D. Hubungan Tingkat Pengetahuan Responden Tentang Perawatan Diri di
Rumah Terhadap Kekambuhan Serangan PPOM Pada responden PPOM
di Poli Paru RSUD Sidoarjo.
Sebelum membahas tentang hubungan tingkat pengetahuan responden
tentang perawatan diri di rumah terhadap kekambuhan serangan PPOM,
peneliti akan mengingatkan kembali bahwa ada faktor lain yang
mempengaruhi kekambuhan serangan PPOM. Dalam BAB III, faktor tersebut
adalah faktor pencetus dan keadaan penyakit.
Dari hasil tabel 5.7. dapat dilihat bahwa hasil yang mecolok terjadi pada 1
orang responden dengan pengetahuan baik, namun terjadi serangan yang berat,
dan 1 orang responden dengan pengetahuan yang kurang, namun terjadi
serangan yang ringan.
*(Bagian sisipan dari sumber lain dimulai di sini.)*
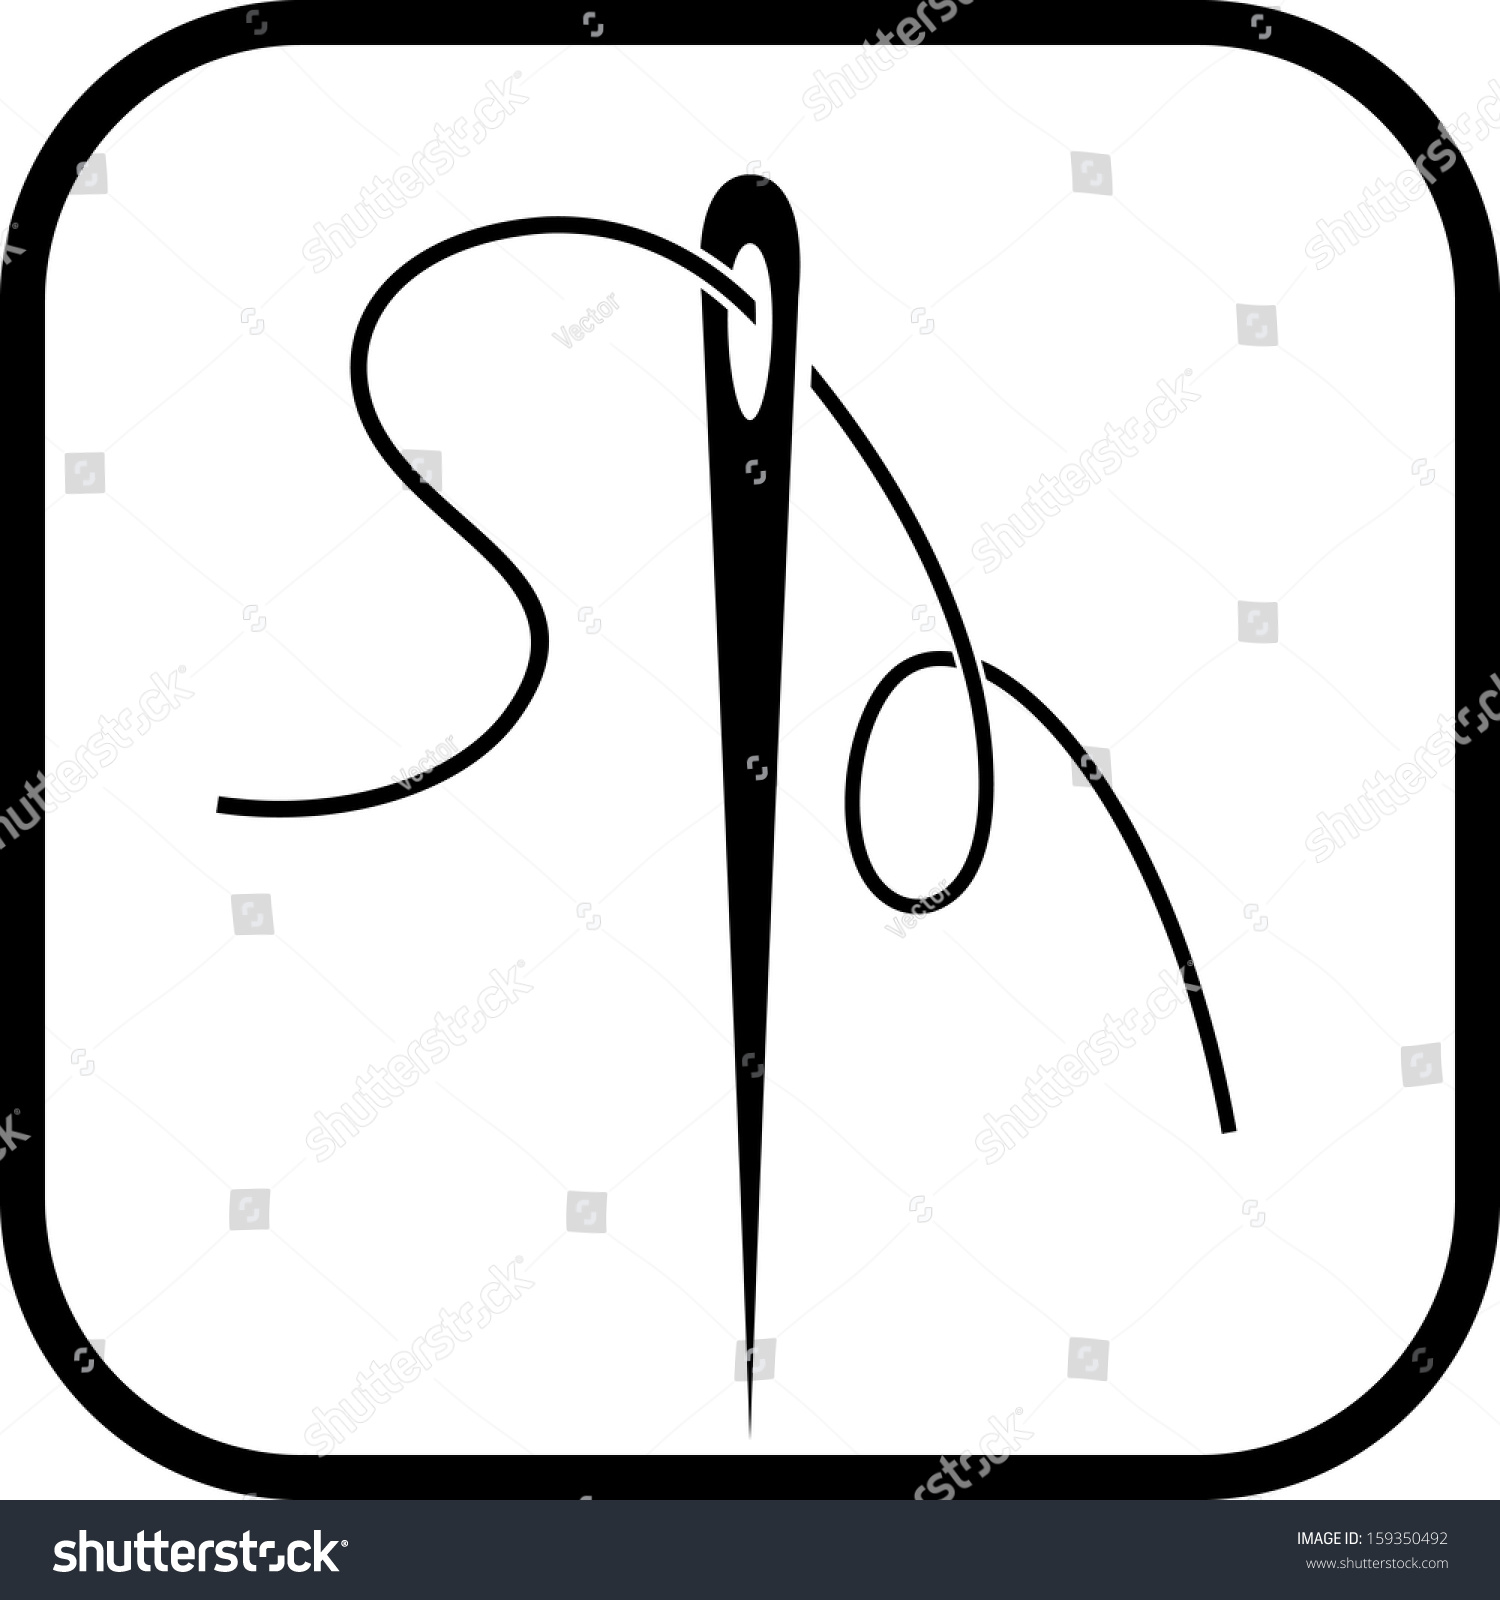 Needle And Thread Vector Icon - 159350492 : Shutterstock

Dari hasil ini tampak tidak ada hubungan yang
bermakna hubungan antara tingkat pengetahuan tentang perawatan diri
terhadap kekambuhan serangan PPOM, karena responden dengan tingkat
pengetahuan yang baik terkena serangan yang berat, dan sebaliknya pada 1
responden yang lain dengan pengetahuan yang kurang. Tentu saja hal ini
berlawanan dengan ungkapan Soekidjo Notoatmodjo (1993) “semakin tinggi
tingkat pendidikan seseorang diharapkan semakin mudah menerima informasi
sehingga makin banyak pengetahuan yang dimiliki”.
Berkenaan dengan bertentangannya antara hasil penelitian dengan teori
yang disampaikan oleh Soekidjo Notoatmodjo (1993), ada faktor lain yang
43
mempengaruhi kekambuhan serangan PPOM, yaitu faktor pencetus terjadinya
kekambuhan serangan dan keadaan penyakit.
Sedangkan untuk hasil yang lain dari tabel 5.7. dimana 9 responden
dengan pengetahuan yang cukup, 2 orang diantaranya terjadi serangan yang
ringan, 6 responden lainnya dengan serangan sedang dan 1 responden dengan
serangan yang berat. Sedangkan untuk 2 responden dengan pengetahuan yang
kurang semuanya mengalami serangan yang berat. Dari hasil ini terlihat
adanya hubungan tingkat pengetahuan tentang perawatan diri di rumah
terhadap kekambuhan serangan.
Setelah membahas dua hal yang berlawanan di atas, maka peneliti akan
membahasnya dengan uji statistik, uji statistik yang digunakan adalah uji
korelasi Spearman.
Setelah dilakukan analisa deskriptif, maka berikutnya dilakukan analisa
inferensial dimana akan menggunakan tes korelasi Spearman dengan tingkat
kemaknaan 0,05 dan responden sebanyak 13. Didapatkan hasil (Lampiran 4) :
-0,56 < 0,069 < 0,56, sehingga Ho diterima atau korelasinya tidak signifikan.